It seems, before she started going out with me, and even when I wasn't around, her M.O. was as a controlling bitch whose offenses were always set on high. Though skeptical at first, I saw what he had meant by the third month, when she began arguements with me just to watch me get angry, stop talking to me to get me frustrated, and plow and prod at me with insults, jeers, and mockery. The sarcasm became heavier and I grew more weary of her. However, a paradox occurred inside of me. We had started our relationship on a purely physical basis. Now, I was the older (17) and therefore wiser of the two, having already been through one long-term serious relationship. I knew that great physical attraction and sexual compatability had about as much to do with a healthy relationship as monkeys have to do with the theory of Relativity.

I was her first boyfriend and she was very much in love with me. Though our sexual liasions were always filled with passion and flair, with want and desire for each other, I found all other time spent with her rather dull and occasionally very unpleasant. She was simply not the girl for me. Also, a huge guilt complex built up inside of me over the sex we were having, and how sinful and terrible it really was. Talk about tempations of the flesh! So I did what any bored, frustrated 17 year old misanthropist would do and dumped her on her prom night.

Ah, the stuff of legends! Yes, I dumped her on her prom night, and yes, that makes me a terrible person. At this point of the story, what hadn't made me a terrible person in the past two years? This - and I don't mean to be over-dramatic - destroyed Marilyn.

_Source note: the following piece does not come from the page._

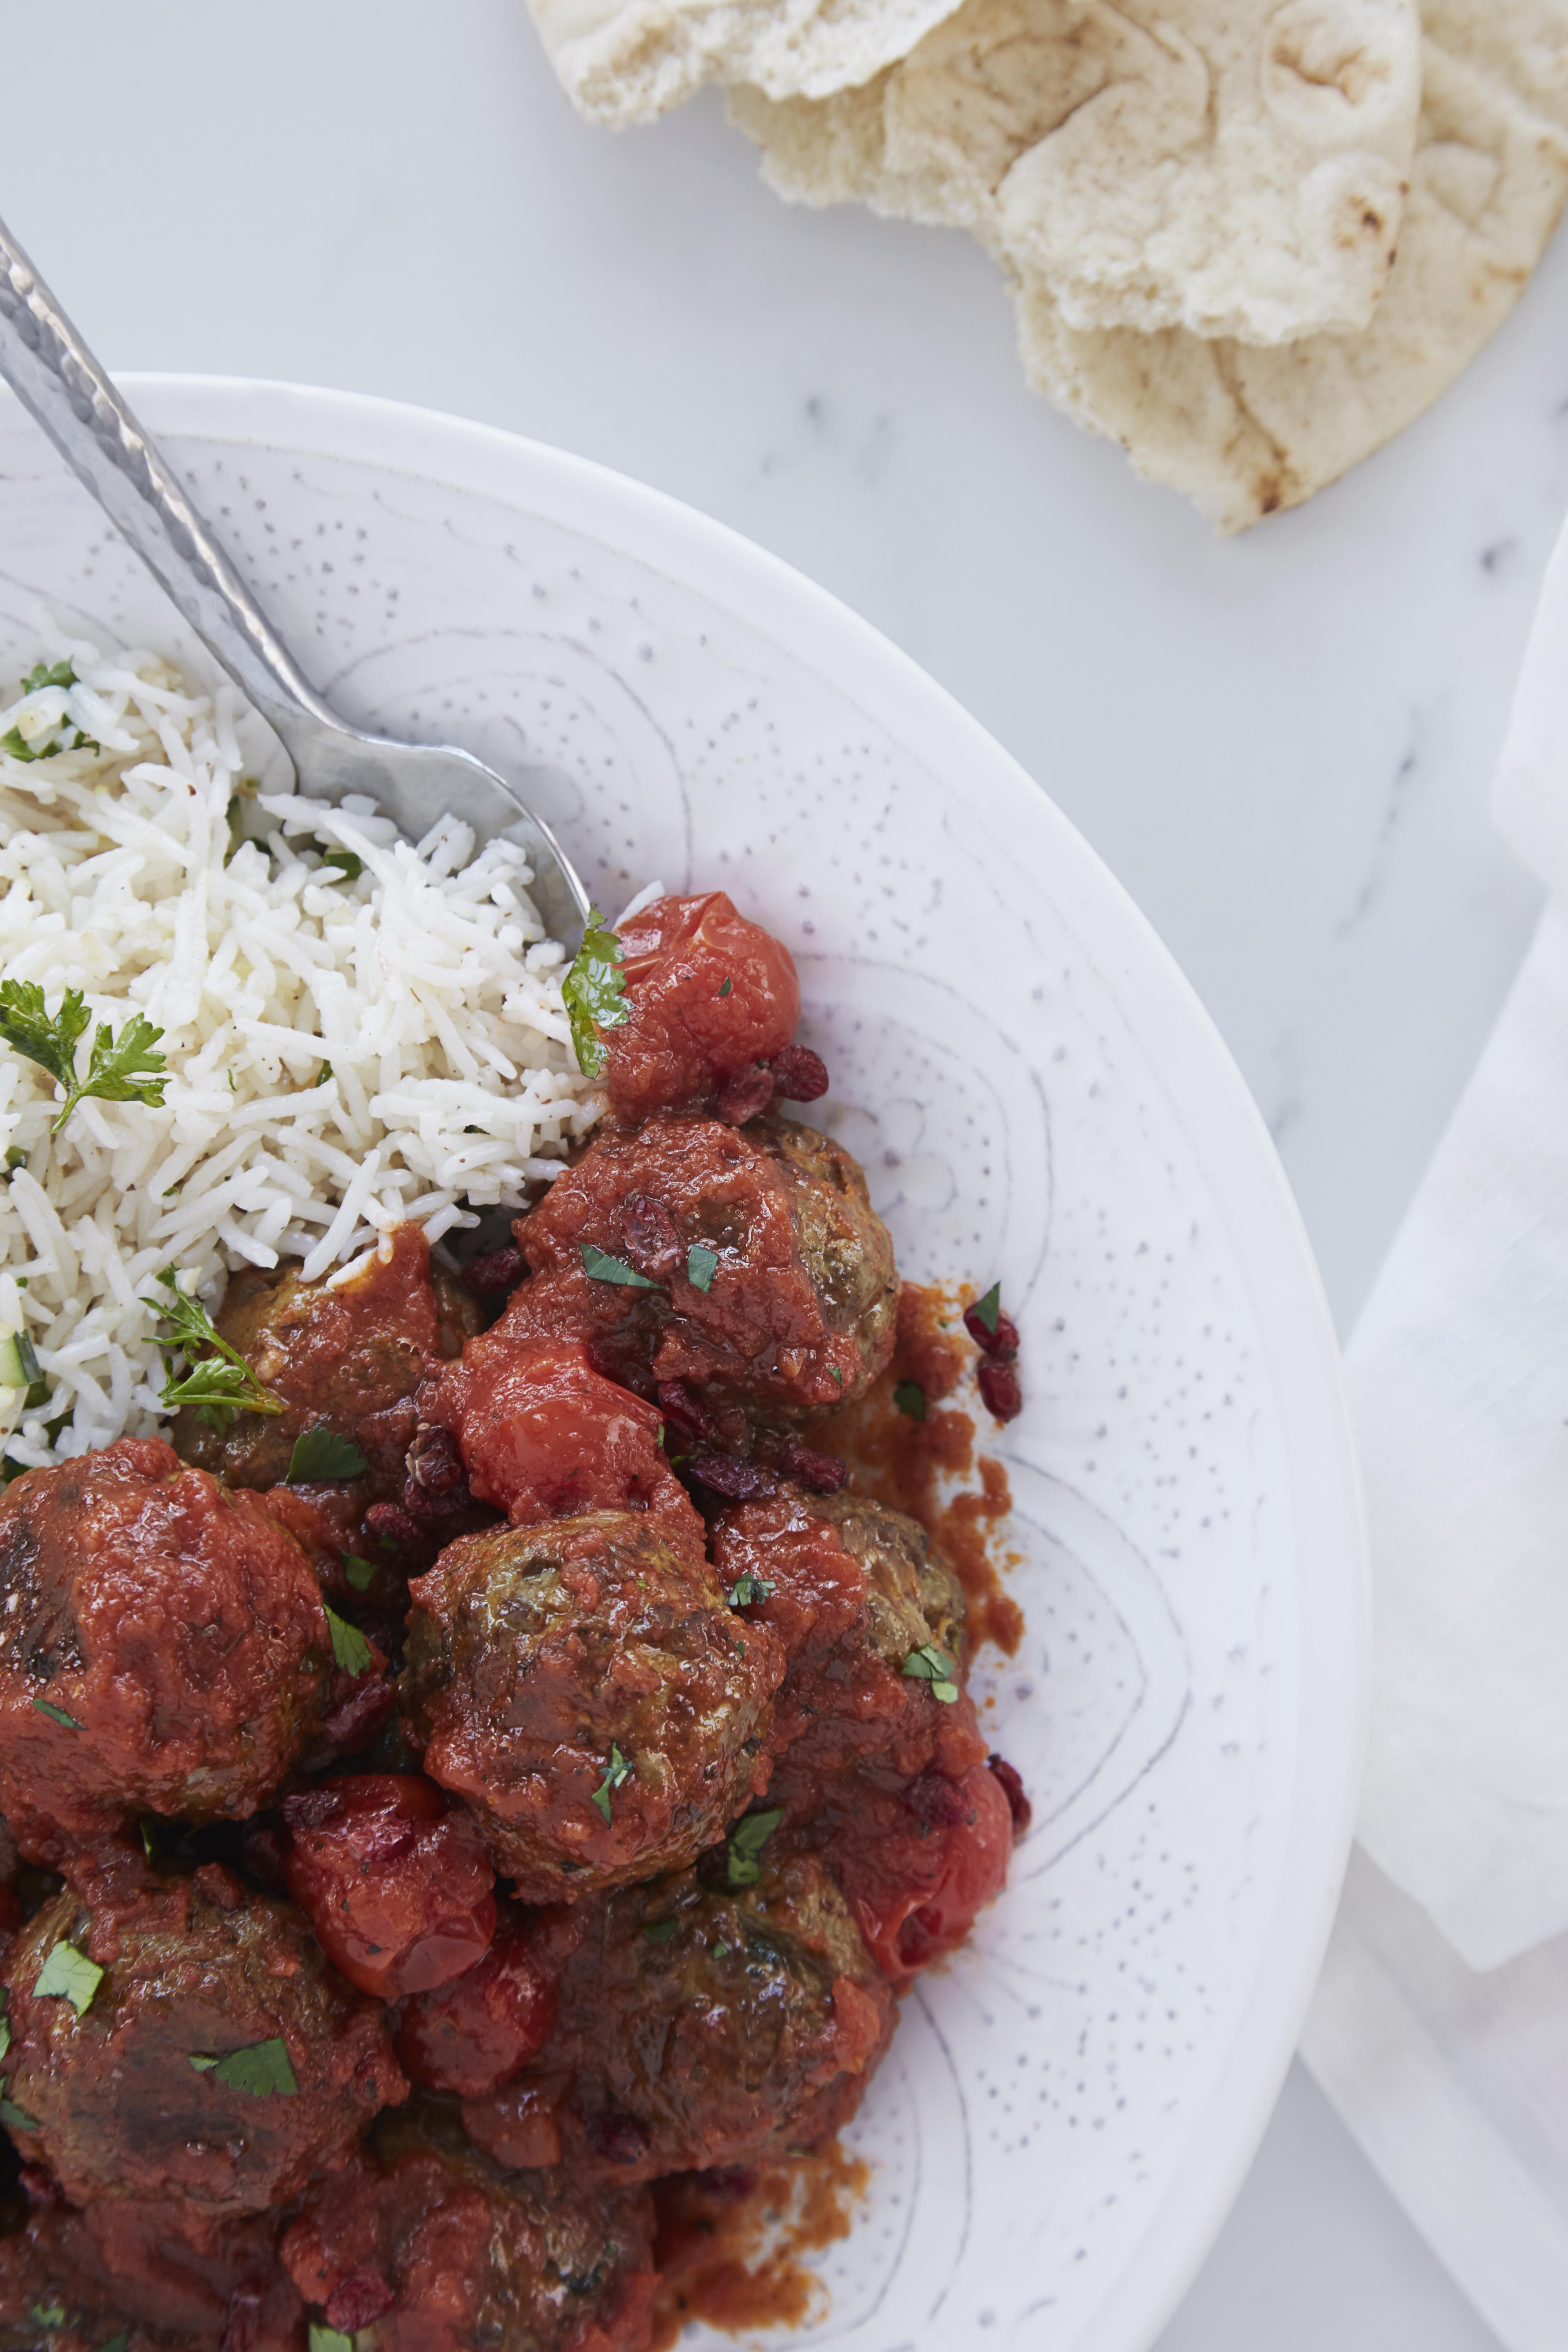 koofteh recipe how to make persian meatballs

What I never understood was how much this girl really loved me. I mean, she honestly, truely, deeply loved me with all her heart and soul. I tossed her aside like used tissue paper, with as much callous and calm as an exacutioner performing his task. I wrote her quickly off as a rebound relationship and she spent the next two years pulling herself back together, both emotionally and psychologically, from such a blow. Now, of course, I feel terrible over the way I treated her, and how insensitive I was in the end. If mistakes were cakes, I'd be a very fat man. Fortunately, they're just disasters that affect nobody but yourself and those involved. Also, I was still a real asshole about things back then.

Phase III: I (Finally) Get My Heart Broken

I finished my first year at college, now detached from all relational woes. I had turned 18 in April and met a new girl through a few friends of mine. Her name (rather, the psudo-name I'm giving her) was Jenny and she was a young, free spirit that caught my heart harder than anyone before. I was a little older, a little wiser from my trials and tribulations with my former two girl-o's. She worked, as fate would have it, at a video store two blocks away from my house. We started hanging out and hit it off immediately. I had never met anyone that I felt so comfortable with. A female counterpart with all the neurosies, hang-ups and ons, quirks, eccentricities, and general outre that gives my personality the certain flavor it lives on. Jenny got me a job at the video store at and we became close. I knew - knew - this time, it was love. Real love.

This is also the part of the story where Mike's Teflon coating wears off and he finally feels the backfire of his hair-brained, weakly structured love antics. Every girl I had gotten involved with up to this point, they had all been bent back and blown away by my thoughtless, often downright evil doings. Not only that, but everyone around us had also been caught in the blaze and hellfire of my actions. Everyone got hurt in the end, except for me. Nothing could touch me, for whatever reason. That is, until I met Jenny.

I don't want to draw this part of the story out, partly because it's not very interesting, but mostly because I'd already written everything I had to say about this in my screenplay, The Perfect Thing, which I stayed up all night writing soon after our relationship hit the fan. Jenny was the one that destroyed me. I probably meant very little to her, and she was everything to me. I was half-crazy by the end of the summer, working at a video store that finally went under, going back to school to pursue a degree I never wanted in the first place, finding myself adrift in the sea of life, a broken-hearted 18-year old with no money, no prospects, and not one happy note in his heart. I finally felt what everyone else did when I fucked them over in the end. And it was terrible.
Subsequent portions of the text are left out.